(Task): The output should match, line for line, the records from the line containing "pregnant woman holds" through the line containing "The soybean aldehyde", with every picture left out.

(Input):
- - - - - - -

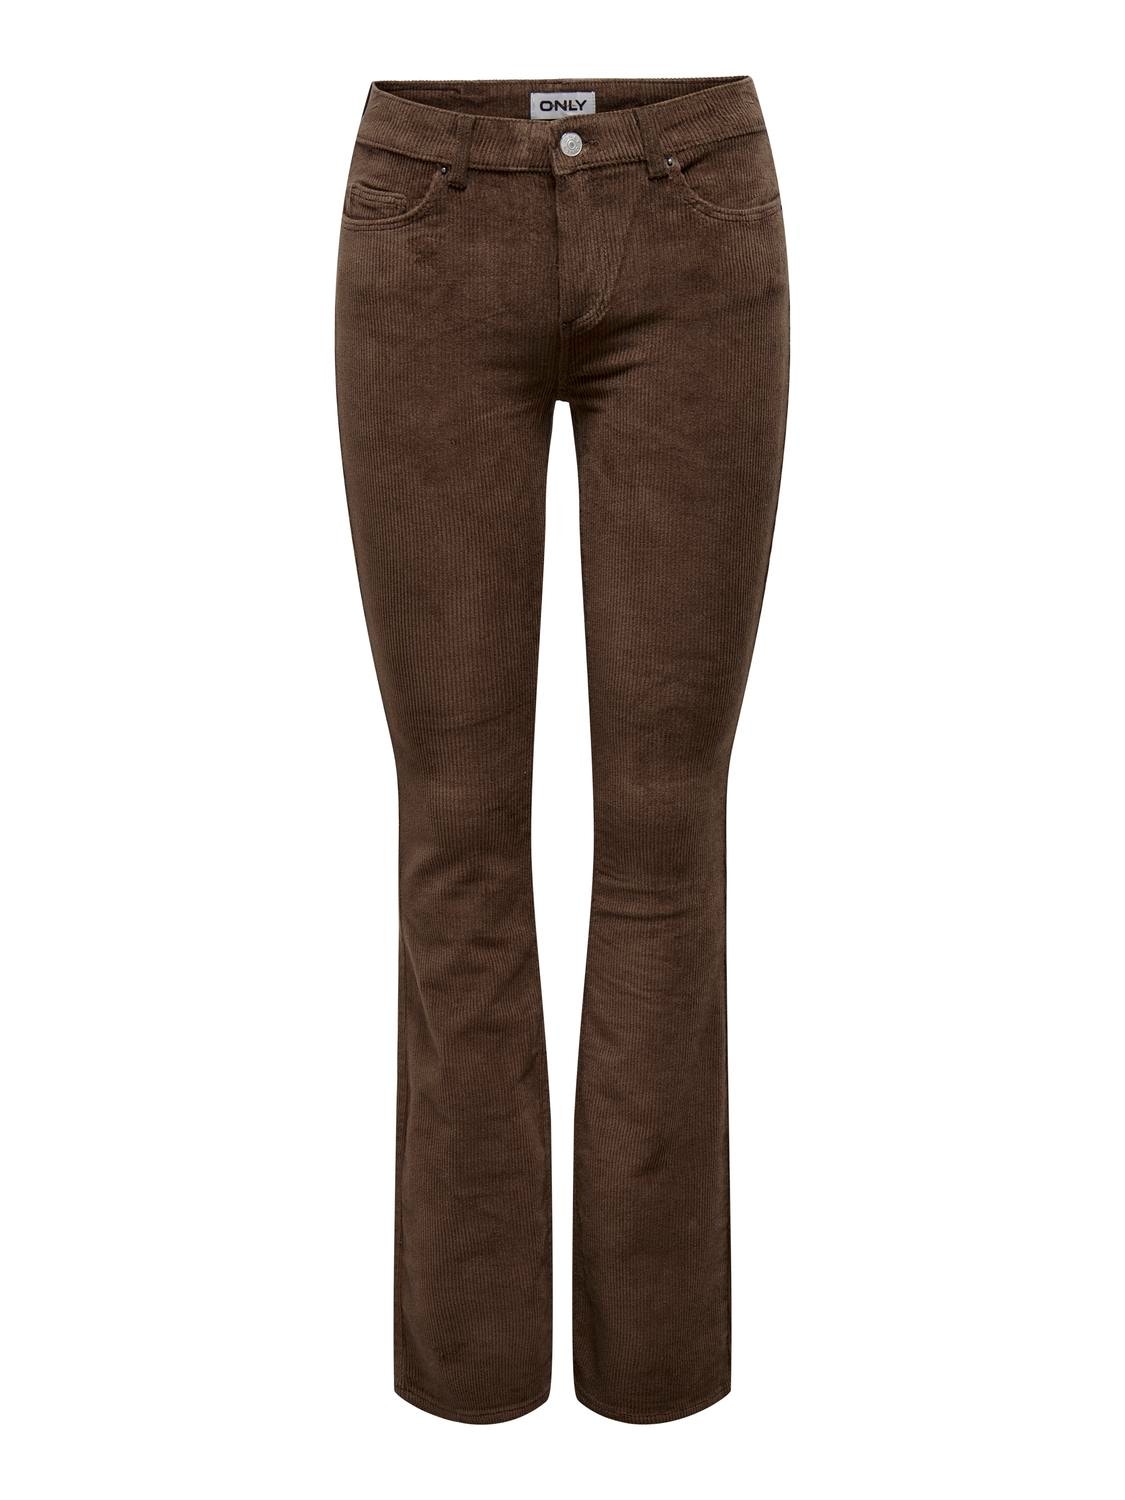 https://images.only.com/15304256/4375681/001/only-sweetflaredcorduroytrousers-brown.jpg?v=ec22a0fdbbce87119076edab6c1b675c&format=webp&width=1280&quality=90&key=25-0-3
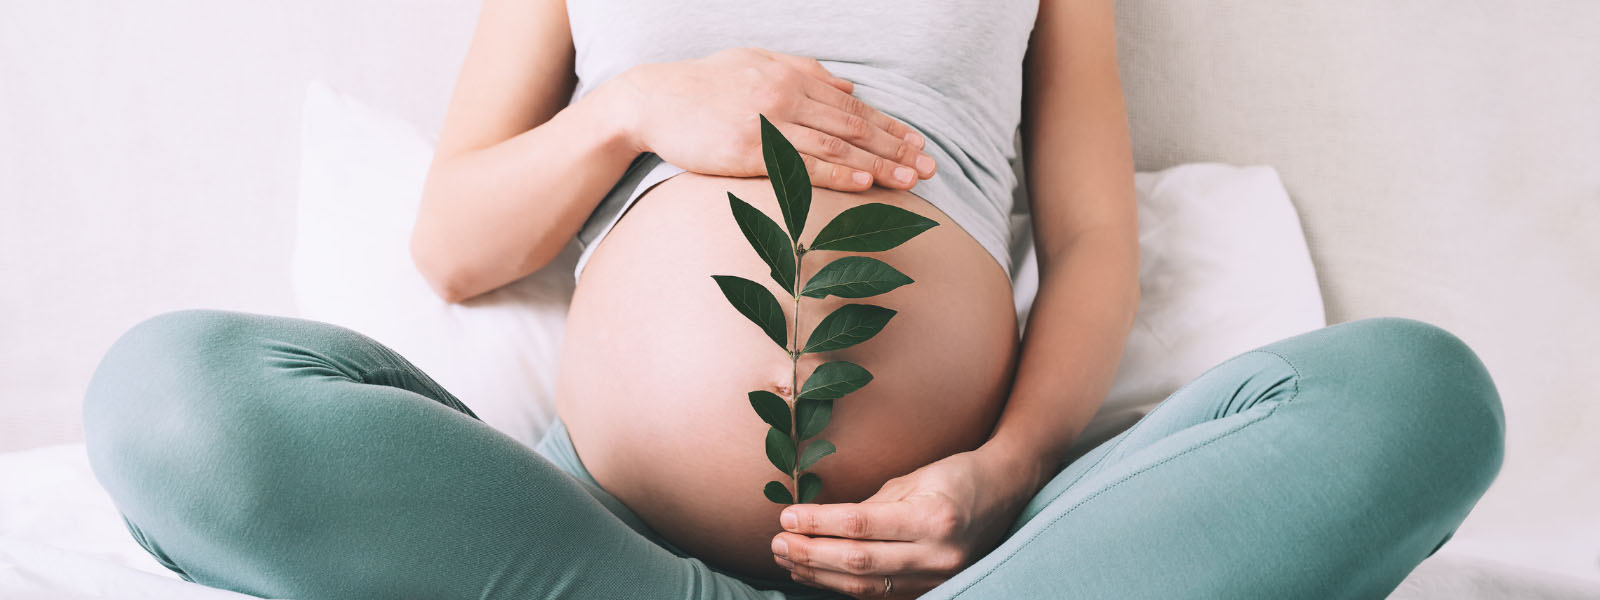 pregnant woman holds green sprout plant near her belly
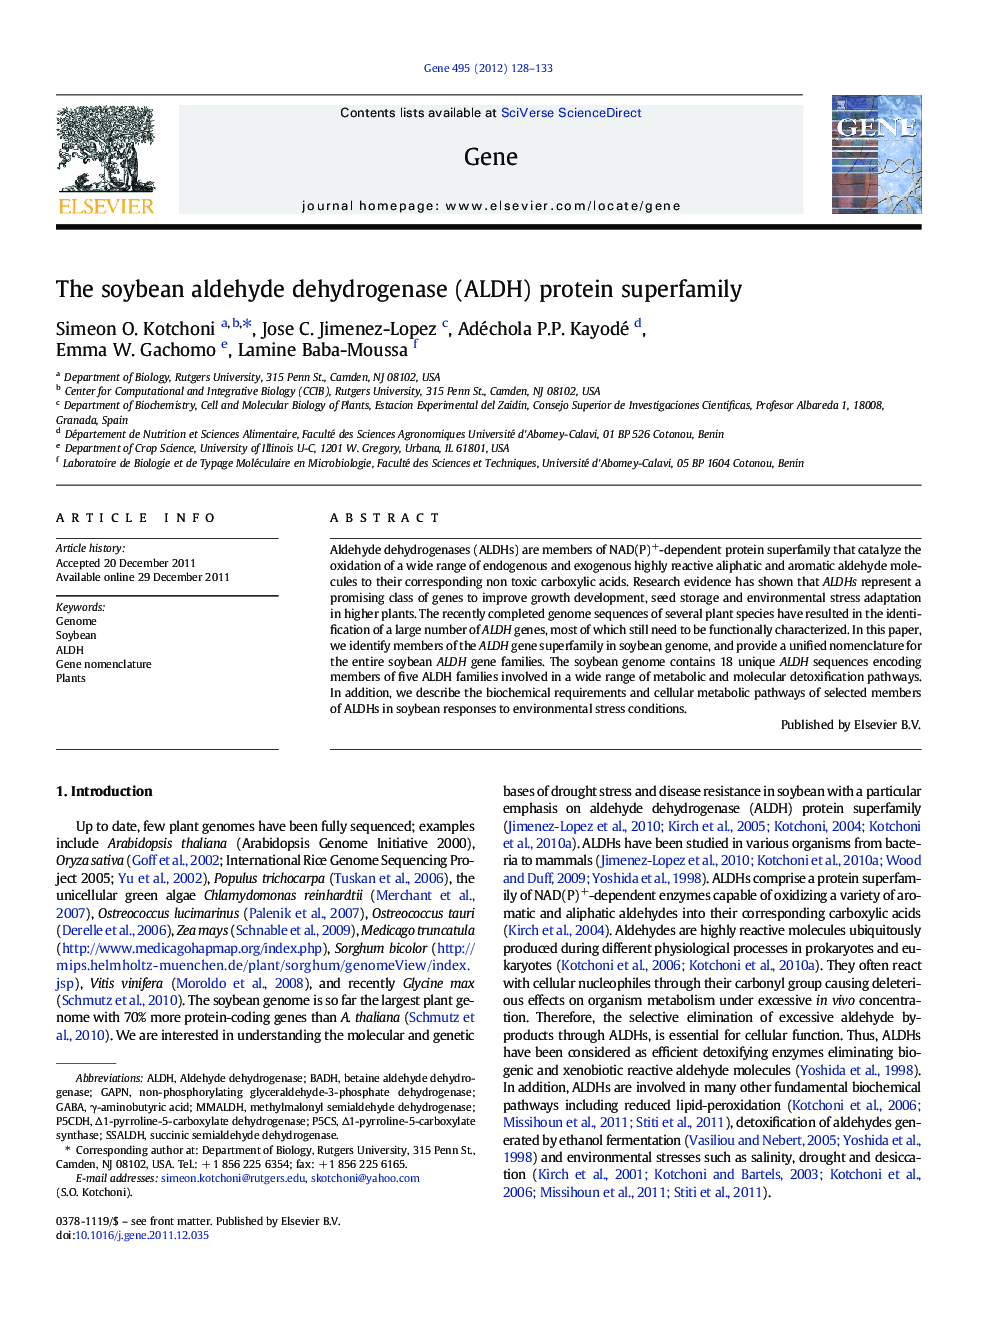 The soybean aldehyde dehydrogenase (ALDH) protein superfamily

- - - - - - -

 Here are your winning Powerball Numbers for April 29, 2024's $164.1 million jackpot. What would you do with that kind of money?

- - - - - - -

(Output below):
 pregnant woman holds green sprout plant near her belly
 The soybean aldehyde dehydrogenase (ALDH) protein superfamily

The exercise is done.